Ich bin froh als ich endlich an der Reihe bin. Ich werfe meine Wanderstöcke hinunter und hangel mich hinab. Wenig später kommt schon das nächste Problem. Auf dem Bauch muss man durch ein enges Loch im Fels rutschen. Doch darin steckt gerade ein Wanderer mit seinem Rucksack fest. Als er hochschaut, erkenne ich ihn. Wir hatten uns am ersten Abend kennengelernt und dann aus den Augen verloren.
Ich gehe meinem fluchenden Mitwanderer zur Hand und bald können wir weitergehen.

20 Minuten später klart der Himmel endlich auf.

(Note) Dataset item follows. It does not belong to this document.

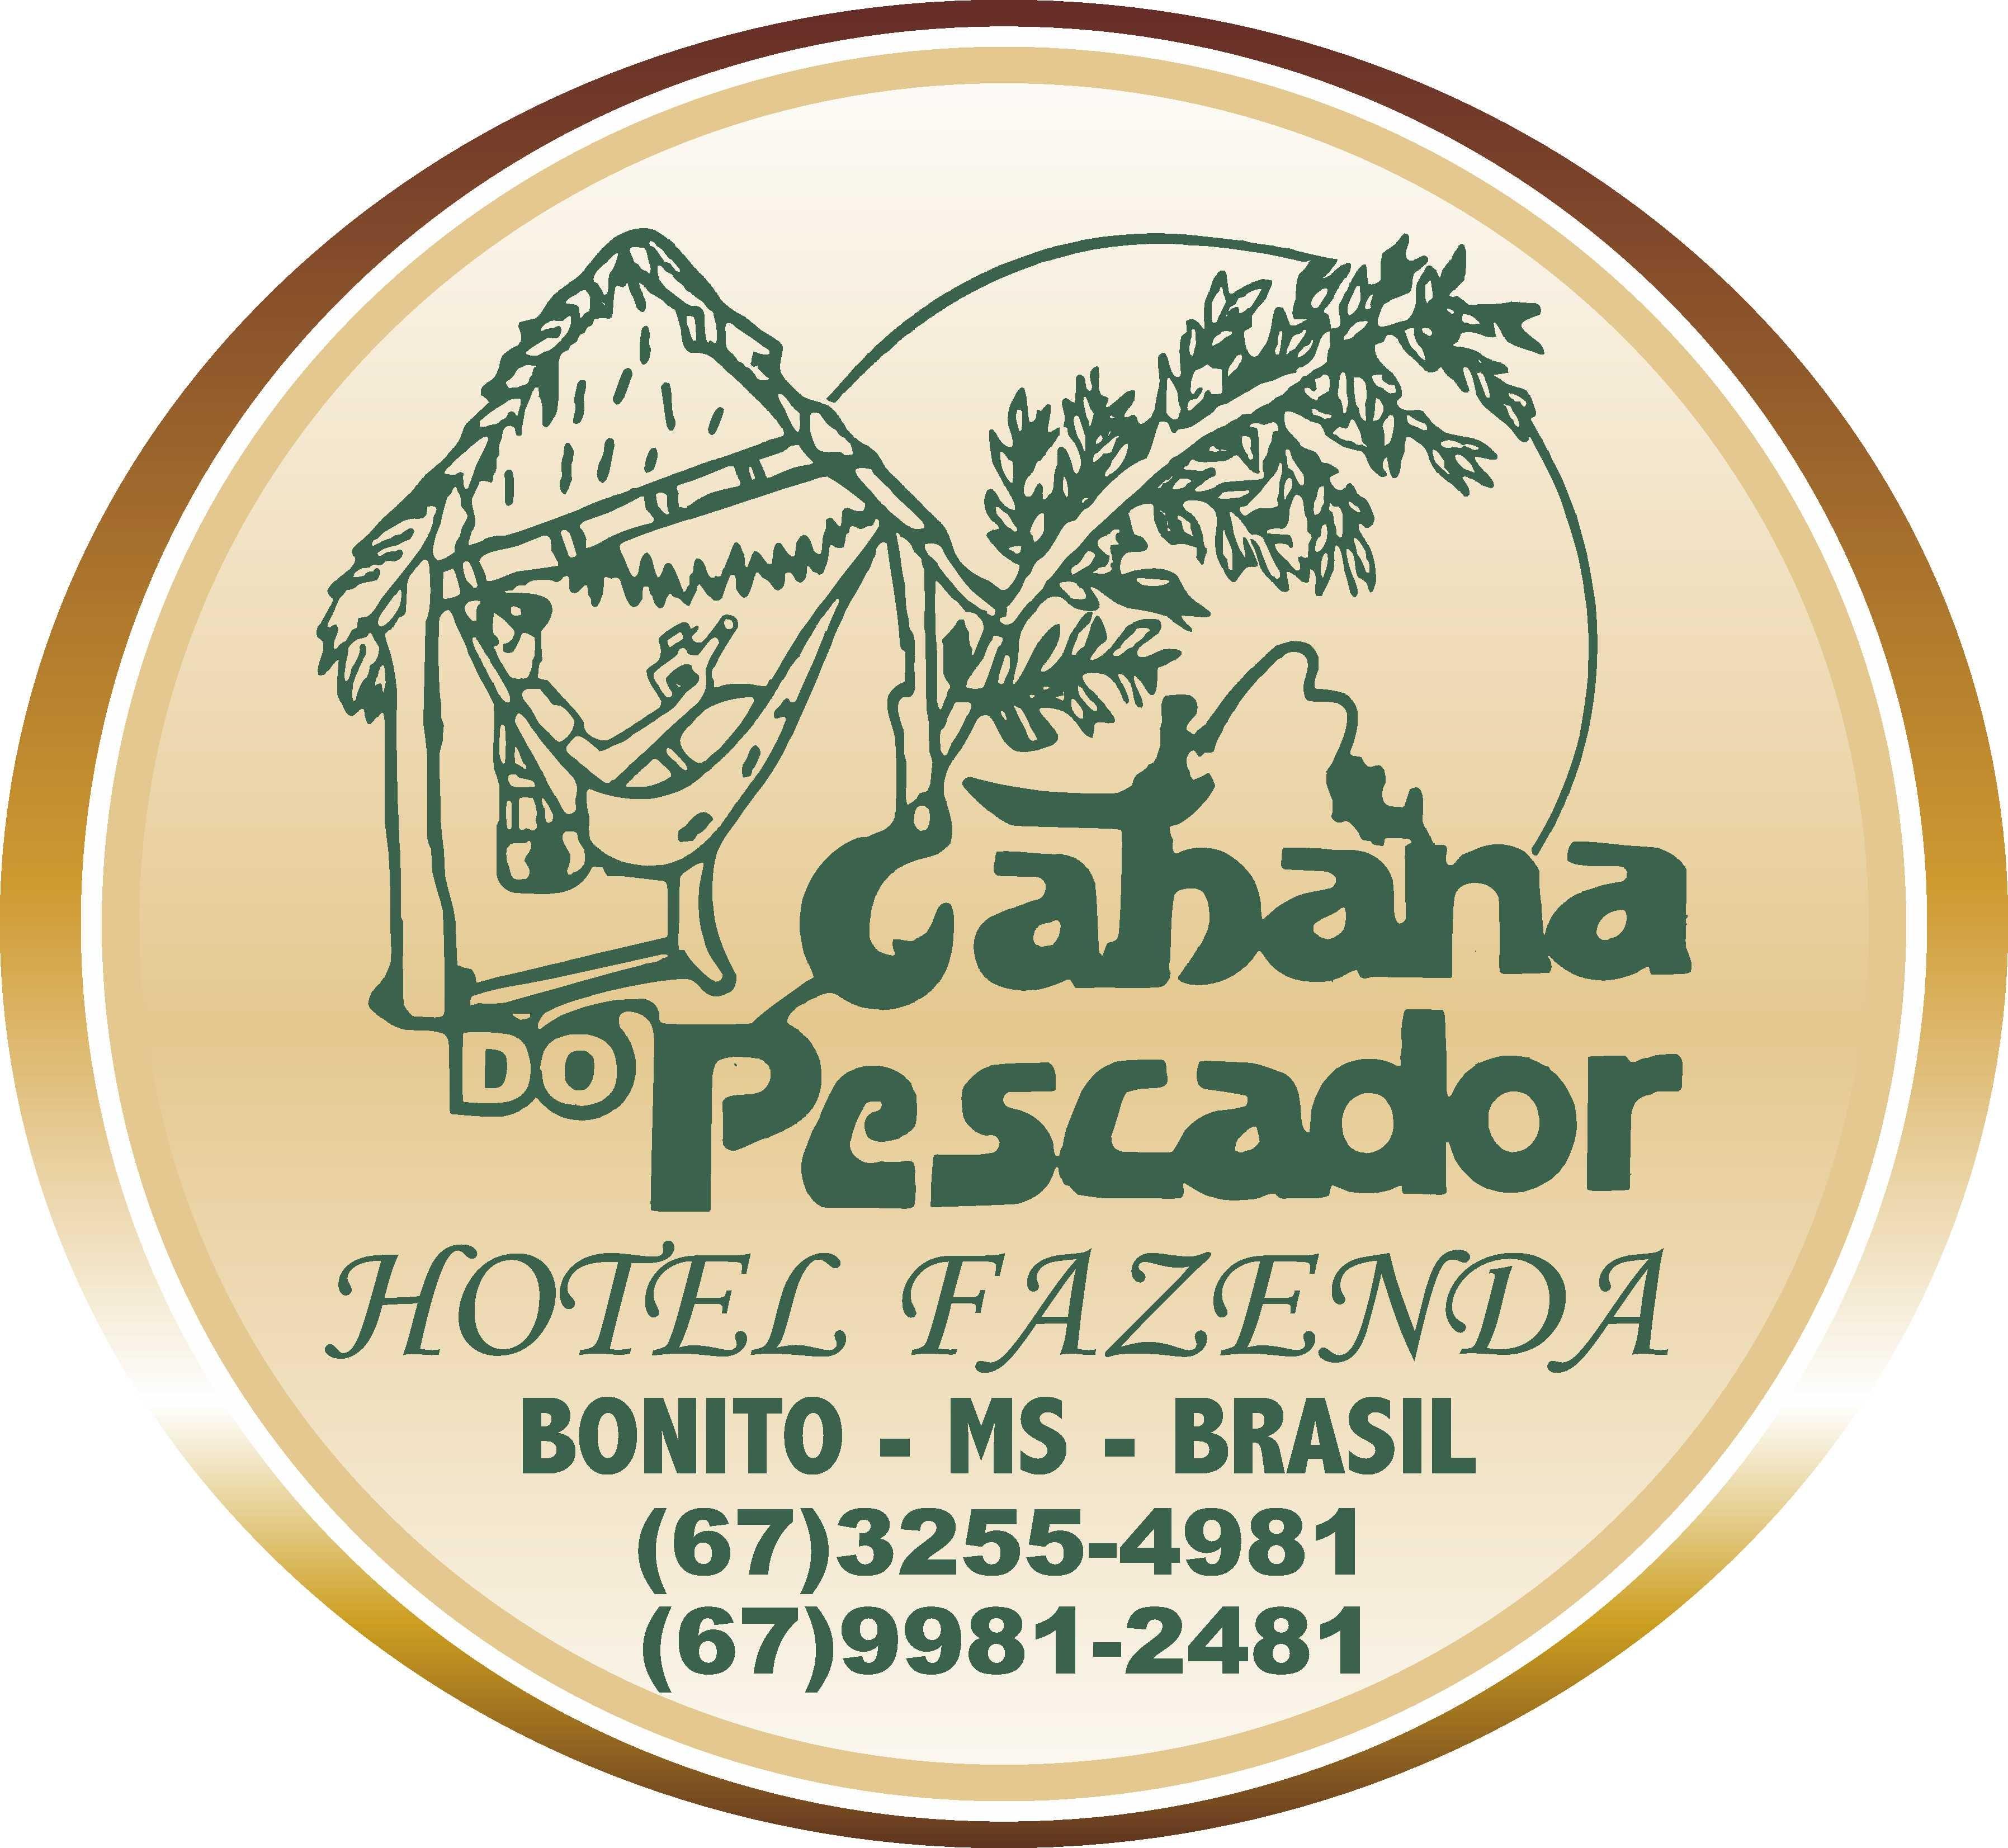 Hotel Fazenda Cabana do Pescador

Das war mit das kritischste Wetter, das ich bislang in den Bergen erlebt hatte. Jetzt kann ich wieder aufatmen.

Erleichtert steige ich im Nebel ab und komme gegen Mittag an der Pietra Piana Hütte an. 

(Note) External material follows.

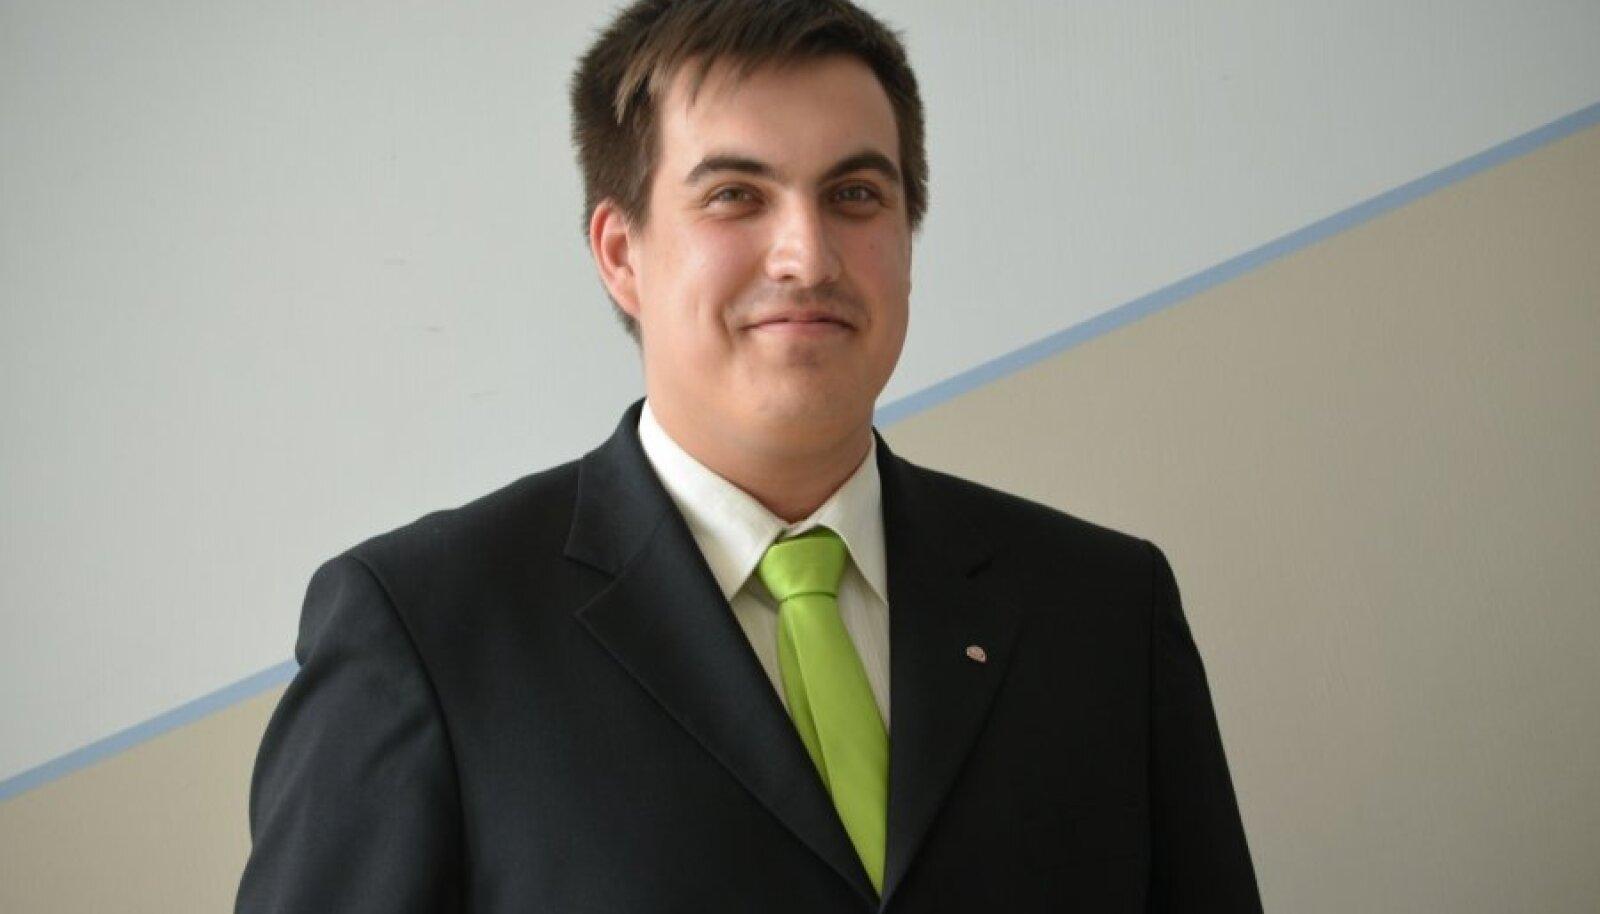 Karl Kirt

Bei dem Wetter sieht das Refuge sehr uneinladend aus und ich habe keine Lust den ganzen Tag im Zelt zu hocken. Also beschließe ich erneut eine Doppeletappe zu laufen.

Von Pietra Piana gibt es zwei Wege zur Onda Hütte. Ein Weg führt über den Gebirgskamm, der andere durch das Tal. Bei schlechtem Wetter wird von letzterem abgeraten. Nach dem gerade erlebten Drama fällt die Wahl leicht. Und so trotte ich gemütlich bergab.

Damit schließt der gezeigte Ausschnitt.